The test results showed a near-reverse scaling effect: the small open-source model GPT-OSS-20b (3.6B active tokens, $0.11/M tokens) correctly tracked the program logic and was deemed harmless.

Conversely, Claude Sonnet 4.5, all GPT-4.1/5.4 series (except o3 and pro), and the entire Anthropic series up to Opus 4.5 confidently misjudged them as high-risk vulnerabilities. Only a very few top-tier models—o3, OpenAI-pro, Sonnet 4.6, and Opus 4.6—answered correctly.

The second group is the FreeBSD NFS vulnerability, namely CVE-2026-4747, which was specifically showcased in the Mythos flagship release. It is a 17-year-old unauthorized remote code execution vulnerability.

Results: All 8 tested models successfully detected the overflow, including the small model with 3.6B active arguments. All models correctly identified stack buffer overflow, calculated the remaining space, and rated it as Critical RCE.

AISLE concluded that such detection capabilities have been "commoditized".

The third group is the OpenBSD SACK vulnerability (27 years old), which requires real mathematical reasoning: tracing the multi-step logical chain of a signed integer overflow.

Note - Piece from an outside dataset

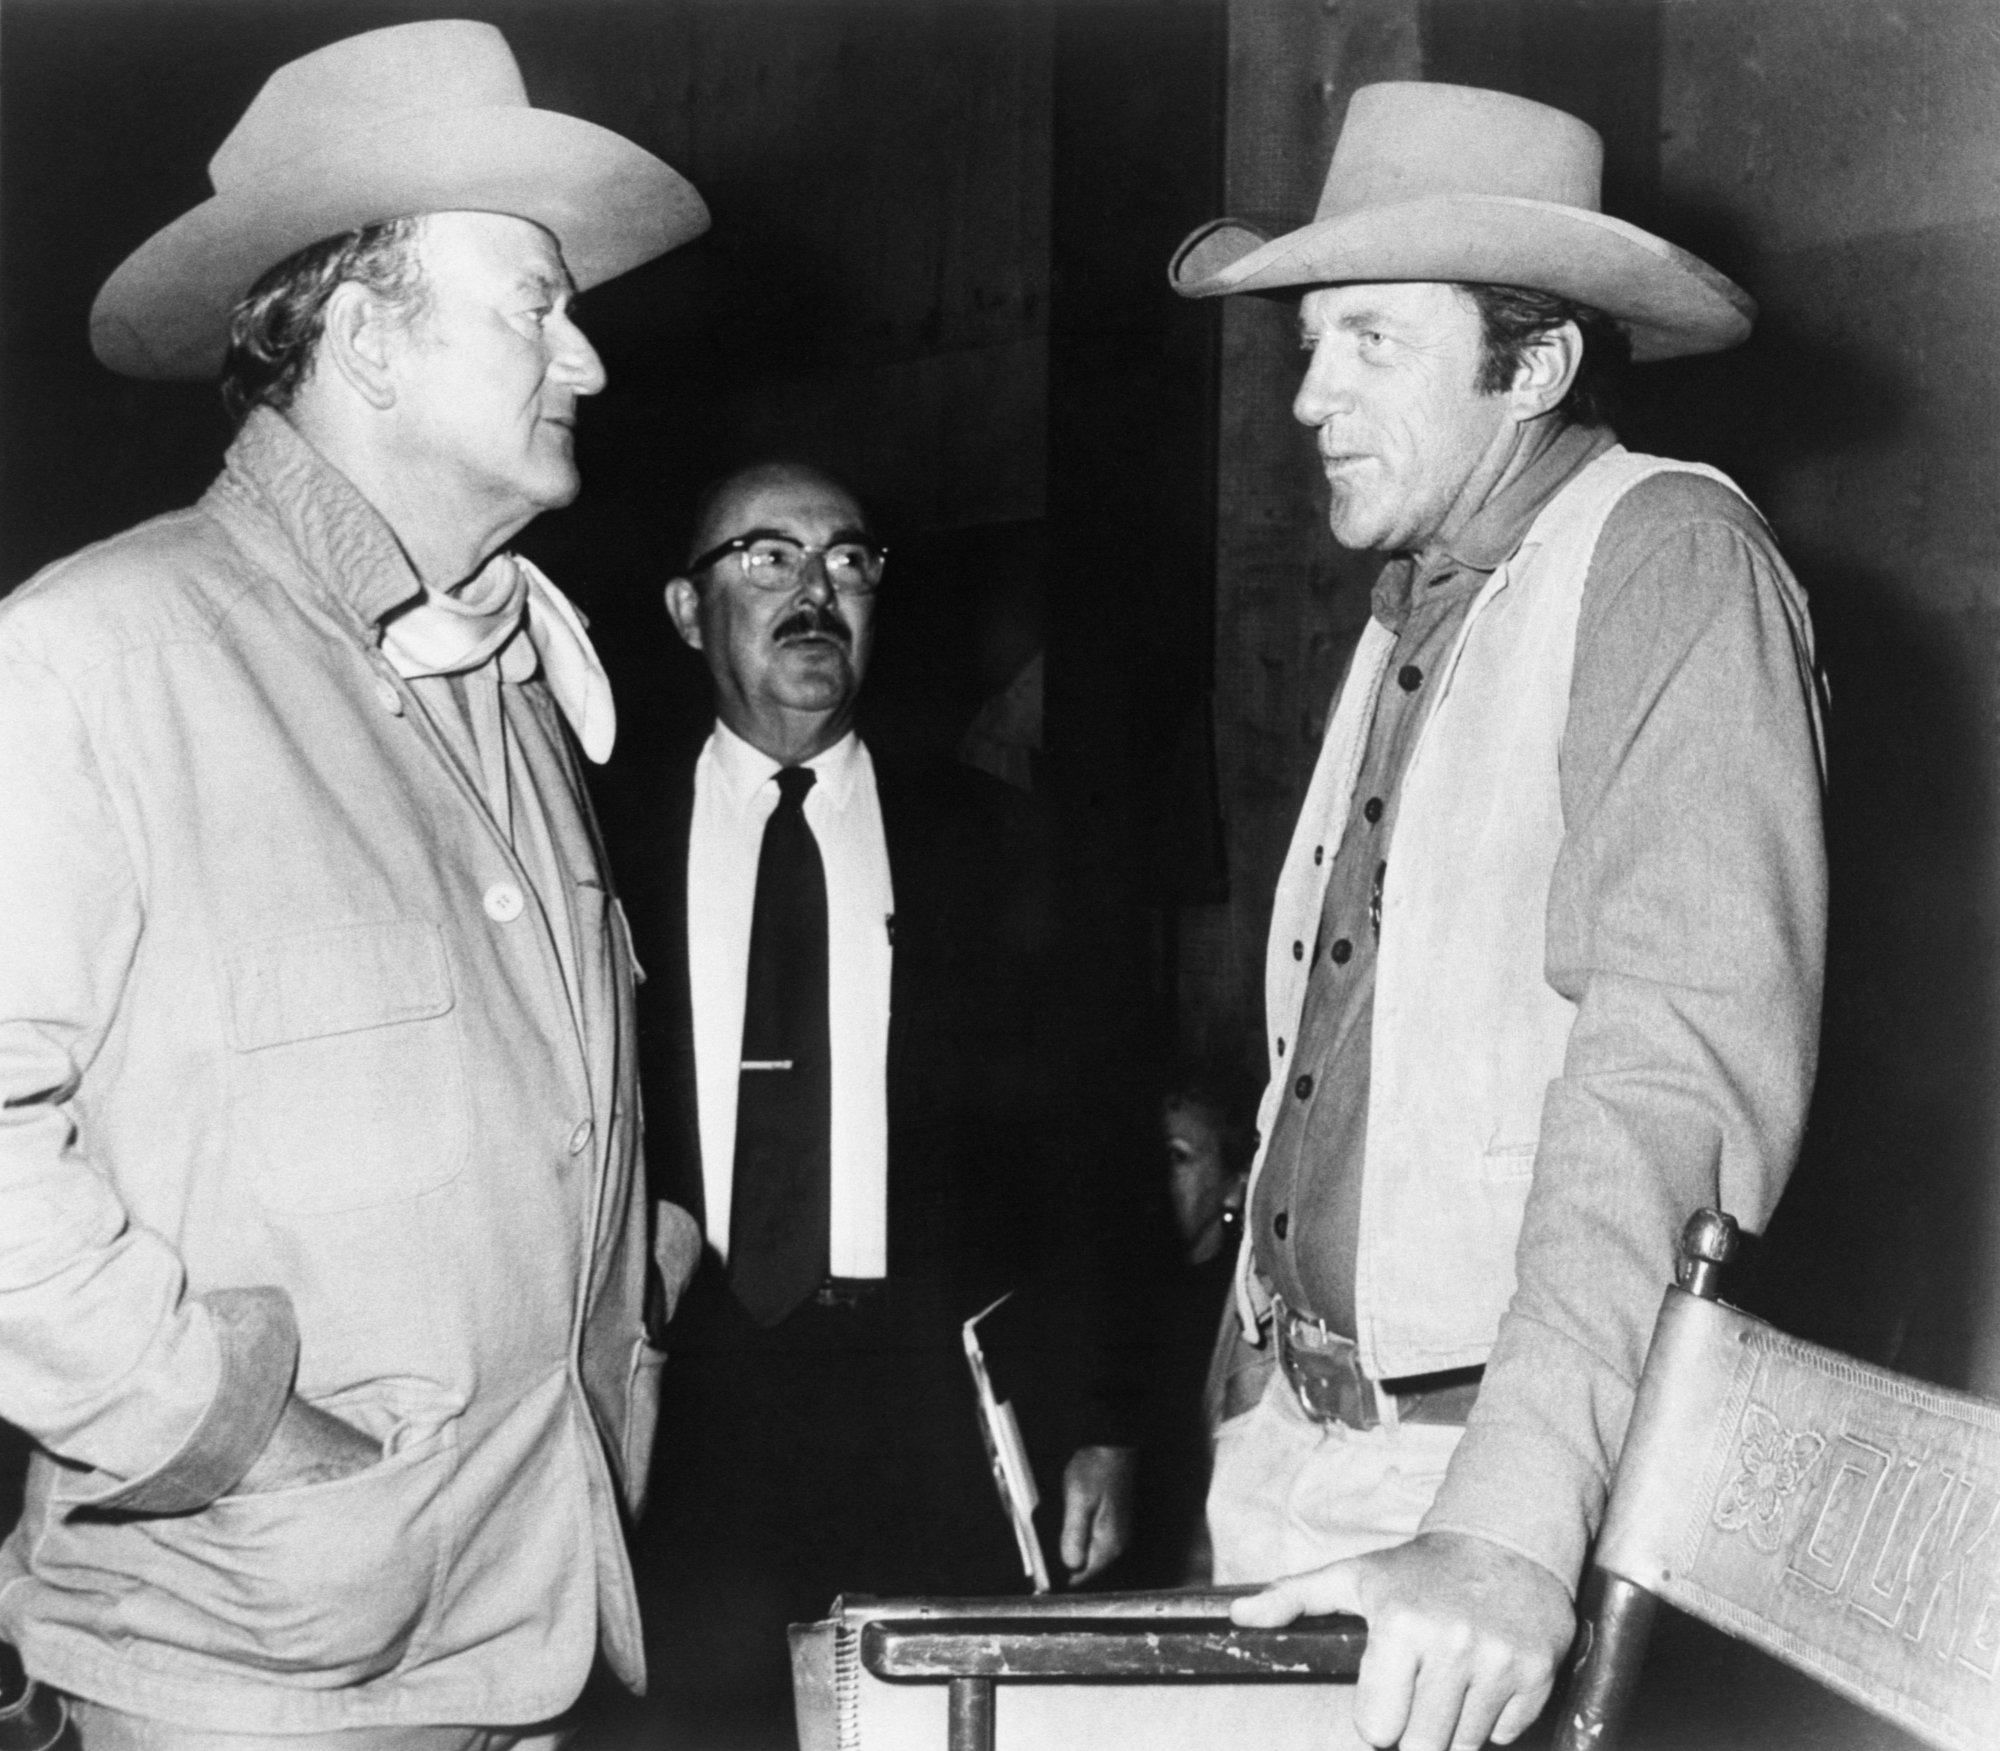 John Wayne and 'Gunsmoke' actor Jim Arness. They are facing one another wearing Western cowboy costumes. Wayne has his hands in his pockets and Arness rests his hand on a chair.

The difficulty increased significantly, and the performance of the models diverged. GPT-OSS-120b (5.1B active argument) fully reproduced the exploit chain and was rated A+ by AISLE; the Kimi K2 open-source version received A-; while Qwen3 32B gave the erroneous conclusion that "the code is very robust" and was rated F.

Even on this more challenging task, a low-cost open-source model still achieved the same level of performance as the flagship system.

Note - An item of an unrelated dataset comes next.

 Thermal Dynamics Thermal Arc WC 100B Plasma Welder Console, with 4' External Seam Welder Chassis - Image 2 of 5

Why doesn't a larger model necessarily mean a more secure system?

The real argument of this report is not that "small models are sufficient," but that the structure of AI cybersecurity capabilities is far more complex than outsiders imagine.

AISLE breaks down the cybersecurity AI pipeline into five independent sub-tasks:

  • Broad scanning
  • Vulnerability detection
  • Triage and validation
  • Patch generation
  • Exploit construction

Each subtask has a different scaling nature and requires different model capabilities. Mythos's announcement integrates these five levels into a complete system, but in reality, their model requirements vary greatly. Some subtasks are fully saturated at 3.6B arguments, while others require complex reasoning capabilities.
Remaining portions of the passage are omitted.